ABSTRACT: Elthar is a computer music interface designed to function with incomplete or inexact specification of parameters. Elthar's natural language interpreter translates user requests into a command format for the activation of various signal processing algorithms in the CMIX digital synthesis environment. If the user does not supply all of the required parameters for a given algorithm, Elthar consults a large probabilistic knowledge base for the needed values. This knowledge base is compiled and maintained by the Elthar program through observations of how the algorithms are employed by the user. Elthar is also capable of learning descriptive attributes and creating new data through a unique analogy mechanism. The choice of input influences Elthar's selection of signal processing parameters, allowing Elthar to draw upon different operational features for different types of sounds. This paper gives an overview of the Eithar system and comments upon the author's experience in using the program to create the piece There's no place like Home.

INTRODUCTION

Working with computers to create music during the past several years has made me recognize the integral role played by the interface between my sonic imaginings and their realization. When I pick up a pencil and paper to write a "conventional" piece of music, I automatically adopt a self-established set of assumptions that will fundamentally affect what I compose. Sitting at the keyboard of a terminal does the same thing -- different assumptions, of course. Throw in a mouse and I guarantee that the "set of pieces I might compose" will shift. Different tools make certain activities easier, certain other activities more difficult. This is bound to have at least a subtle effect on what the tools are being used to create.

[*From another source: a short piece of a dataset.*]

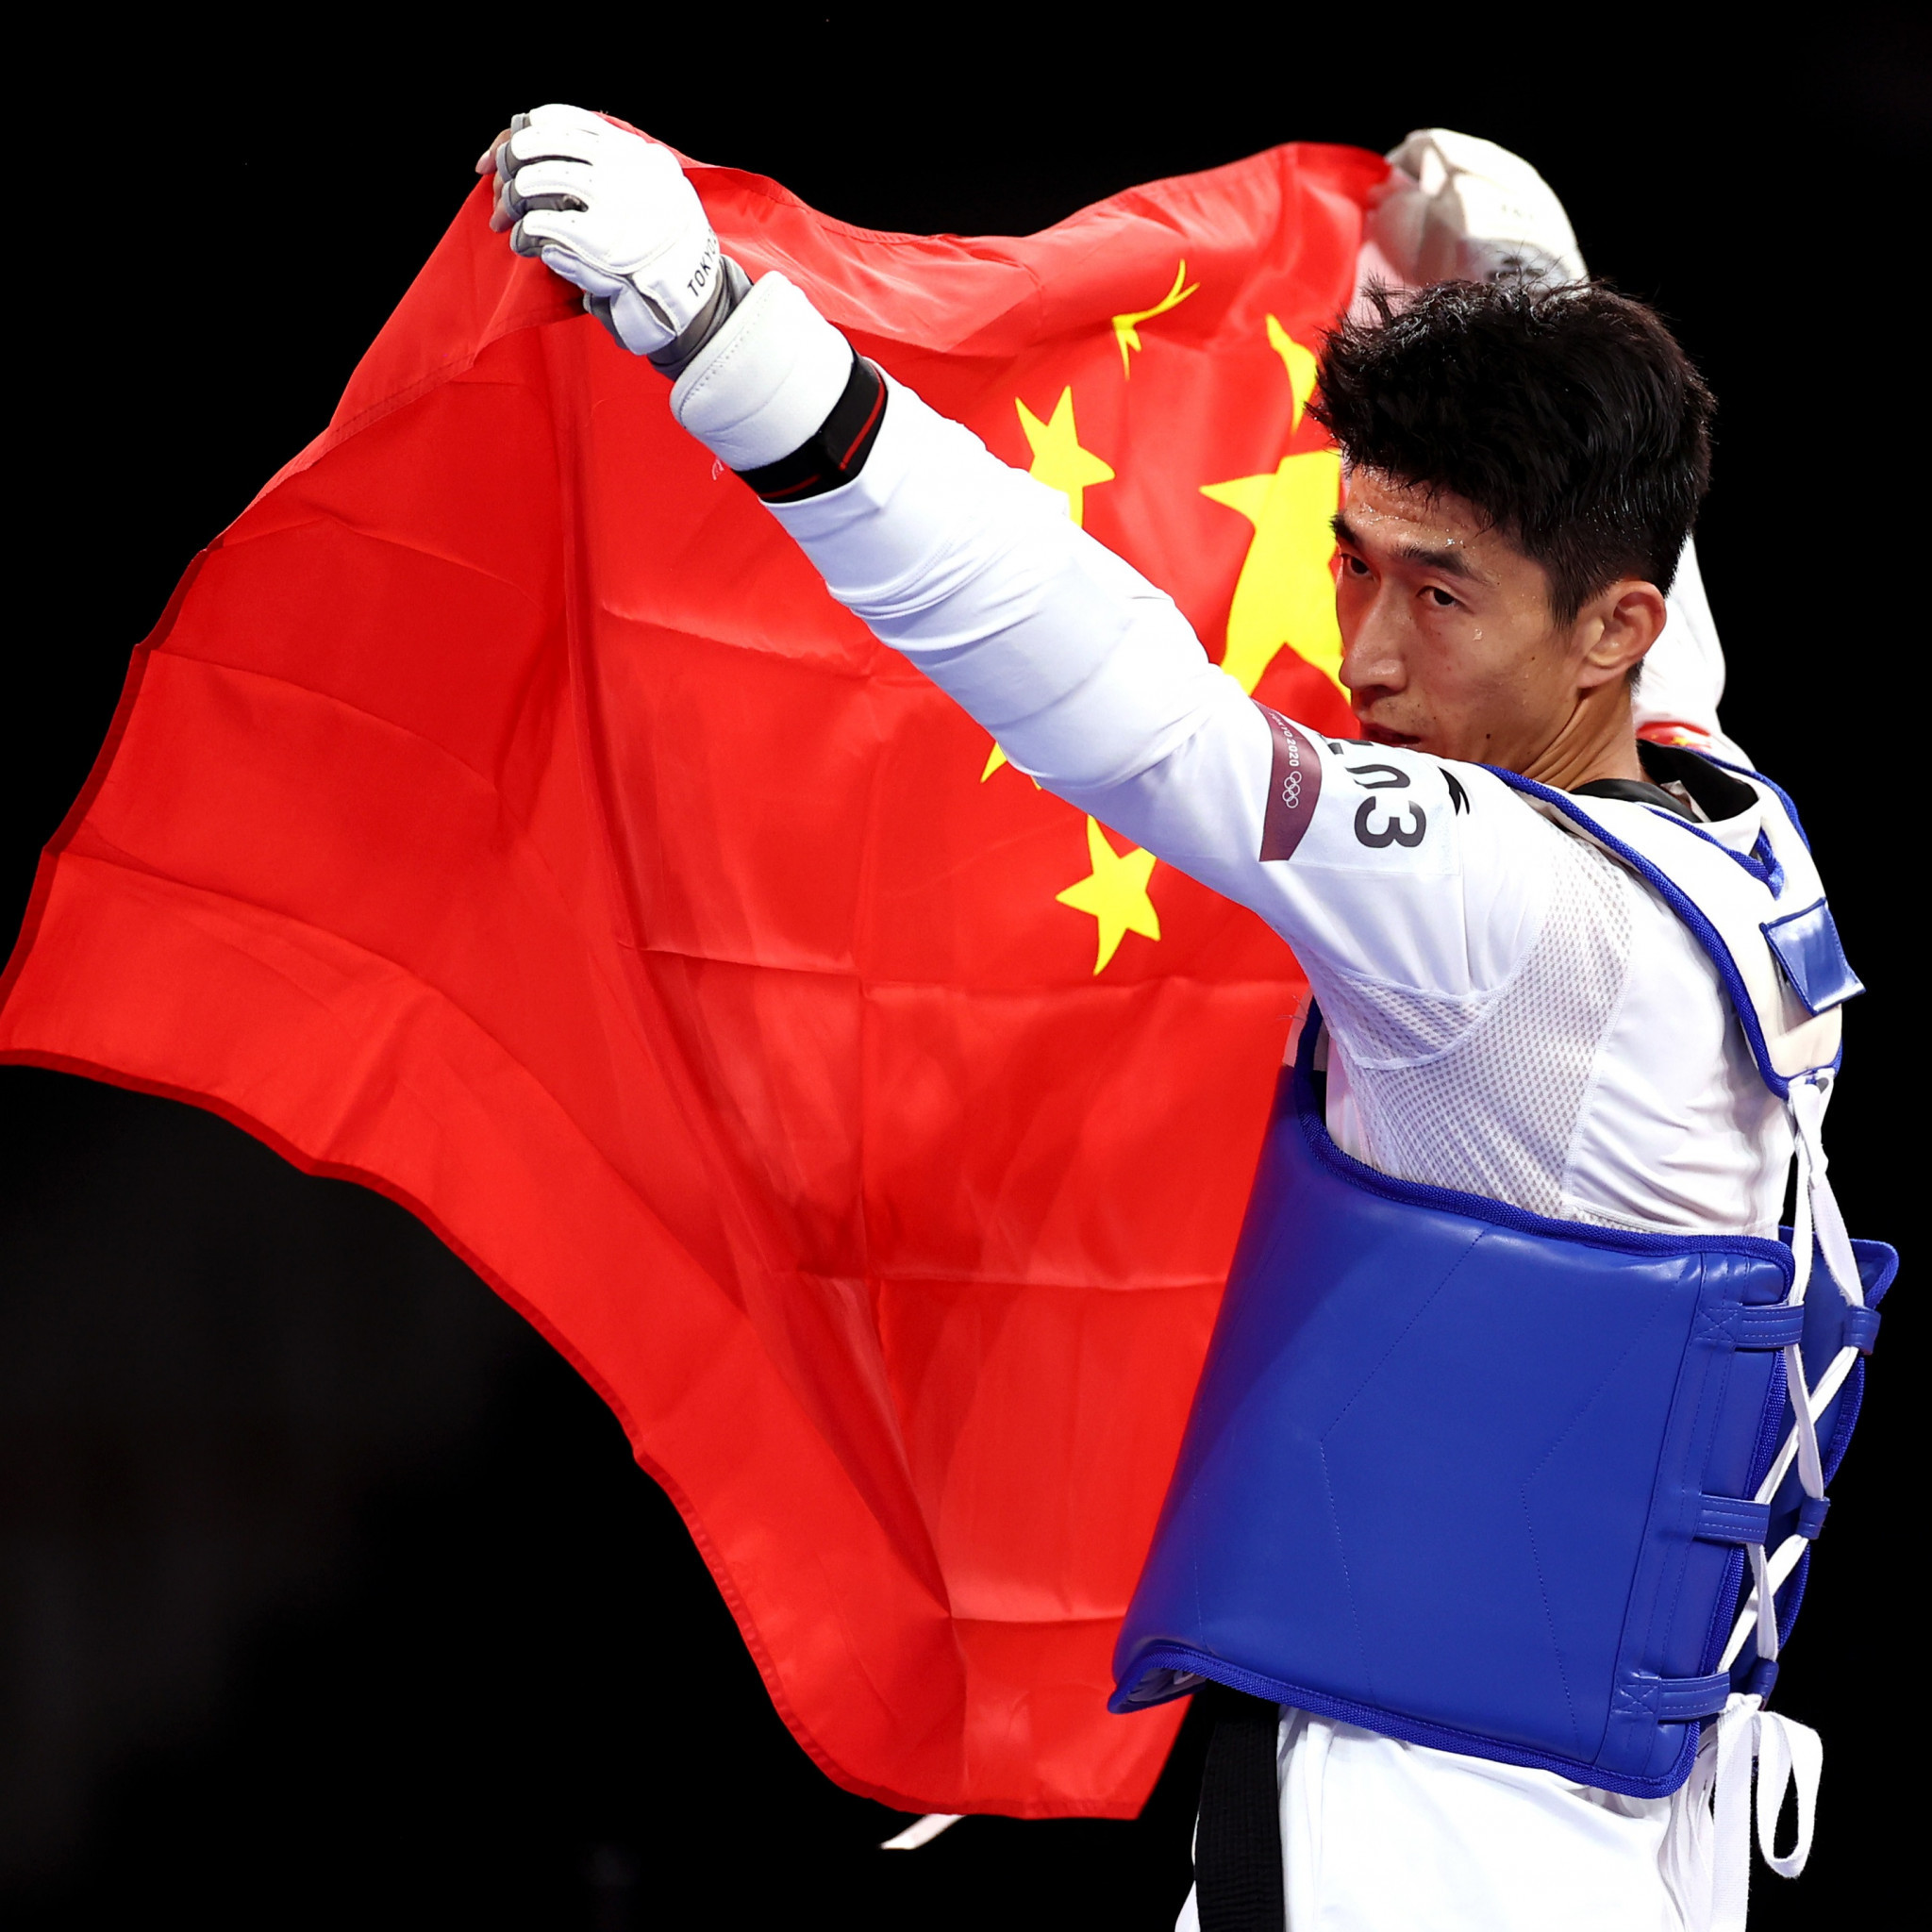 Shuai Zhao: Moving up the divisions to another Olympic medal

"Throwing in a mouse" points to an aspect of computers that makes them rather unique as musical tools. The interface between myself and computer sound synthesis can be changed with minor hardware changes or (more significantly) by changing the software used to interpret my commands. I find this quite intriguing; being able to control the interface I use to create music gives me a very high-level "conceptual knob" that I can use to change the way I interact with my music making. I might choose to control sound production with a set of stochastic procedures, or I might use graphics software to interpret curves I draw in certain ways, or I might even write an algorithm to translate the words and letters of this paper into sound. In each case, the shape of the resulting piece (and the way I think about it as I produce it) will be different.

The Elthar program represents an explicit attempt on my part to come to terms with this ability to design an interaction for composing. Elthar is a natural language command interpreter for performing signal processing tasks. To make the interaction between myself and Elthar more interesting, I also implemented some ideas about learning and memory organization in the program. This paper discusses some of the technical aspects of Elthar and briefly describes some of the interactions that developed as I used the program to produce the piece There's no place like Home.

MOTIVATIONS

I have found one of the most fruitful environments for creating music to be the world of the recording studio. Typical verbal exchanges during the course of a recording session might be:

"Boost the bass on the drums"
"Try adding a little more edge to the guitar"
"Let's set up that funky bass sound we had the other day"

In each of these statements, no further information is necessary to create the desired action. The participants in a session more-or-less "know" what is meant or implied.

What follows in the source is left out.